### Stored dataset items
◆ ◆ ◆ ◆ ◆ ◆ ◆

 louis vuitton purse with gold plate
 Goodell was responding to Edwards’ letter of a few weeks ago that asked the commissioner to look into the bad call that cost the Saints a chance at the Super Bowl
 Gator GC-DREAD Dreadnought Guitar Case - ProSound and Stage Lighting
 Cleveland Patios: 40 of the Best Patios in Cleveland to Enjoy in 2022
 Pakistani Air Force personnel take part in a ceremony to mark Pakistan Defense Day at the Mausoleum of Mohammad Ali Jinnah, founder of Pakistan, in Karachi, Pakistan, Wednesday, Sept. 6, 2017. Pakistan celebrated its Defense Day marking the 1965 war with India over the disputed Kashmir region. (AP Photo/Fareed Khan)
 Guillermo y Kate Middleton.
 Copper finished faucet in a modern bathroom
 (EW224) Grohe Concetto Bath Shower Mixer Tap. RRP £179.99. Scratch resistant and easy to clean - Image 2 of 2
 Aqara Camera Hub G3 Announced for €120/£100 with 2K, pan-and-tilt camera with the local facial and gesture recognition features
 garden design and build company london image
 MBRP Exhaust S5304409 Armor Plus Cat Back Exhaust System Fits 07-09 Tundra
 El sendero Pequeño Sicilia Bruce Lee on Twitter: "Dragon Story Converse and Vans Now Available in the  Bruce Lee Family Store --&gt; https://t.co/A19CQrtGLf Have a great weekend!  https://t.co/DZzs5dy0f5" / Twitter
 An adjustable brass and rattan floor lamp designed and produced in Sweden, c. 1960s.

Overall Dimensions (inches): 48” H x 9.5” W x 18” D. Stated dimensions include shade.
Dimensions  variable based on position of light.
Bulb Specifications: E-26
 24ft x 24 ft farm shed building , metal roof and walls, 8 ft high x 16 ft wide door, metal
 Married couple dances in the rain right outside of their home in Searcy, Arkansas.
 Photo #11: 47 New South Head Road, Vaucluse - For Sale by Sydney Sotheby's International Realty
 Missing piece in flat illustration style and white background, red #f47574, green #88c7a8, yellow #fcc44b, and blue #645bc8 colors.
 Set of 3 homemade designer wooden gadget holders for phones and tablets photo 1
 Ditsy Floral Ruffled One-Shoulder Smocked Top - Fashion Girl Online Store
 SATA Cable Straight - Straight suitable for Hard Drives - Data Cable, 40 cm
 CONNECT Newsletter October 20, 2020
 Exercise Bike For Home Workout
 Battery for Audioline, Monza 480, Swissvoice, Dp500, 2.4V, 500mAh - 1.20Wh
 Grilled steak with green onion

◆ ◆ ◆ ◆ ◆ ◆ ◆

### HOW TO COMPLETE THIS TASK
Using the entries above, return exactly the lines from the line with "garden design and build company london image" to the line with "Photo #11: 47", counting both of those lines.

### RESULT FOR THIS TASK
 garden design and build company london image
 MBRP Exhaust S5304409 Armor Plus Cat Back Exhaust System Fits 07-09 Tundra
 El sendero Pequeño Sicilia Bruce Lee on Twitter: "Dragon Story Converse and Vans Now Available in the  Bruce Lee Family Store --&gt; https://t.co/A19CQrtGLf Have a great weekend!  https://t.co/DZzs5dy0f5" / Twitter
 An adjustable brass and rattan floor lamp designed and produced in Sweden, c. 1960s.

Overall Dimensions (inches): 48” H x 9.5” W x 18” D. Stated dimensions include shade.
Dimensions  variable based on position of light.
Bulb Specifications: E-26
 24ft x 24 ft farm shed building , metal roof and walls, 8 ft high x 16 ft wide door, metal
 Married couple dances in the rain right outside of their home in Searcy, Arkansas.
 Photo #11: 47 New South Head Road, Vaucluse - For Sale by Sydney Sotheby's International Realty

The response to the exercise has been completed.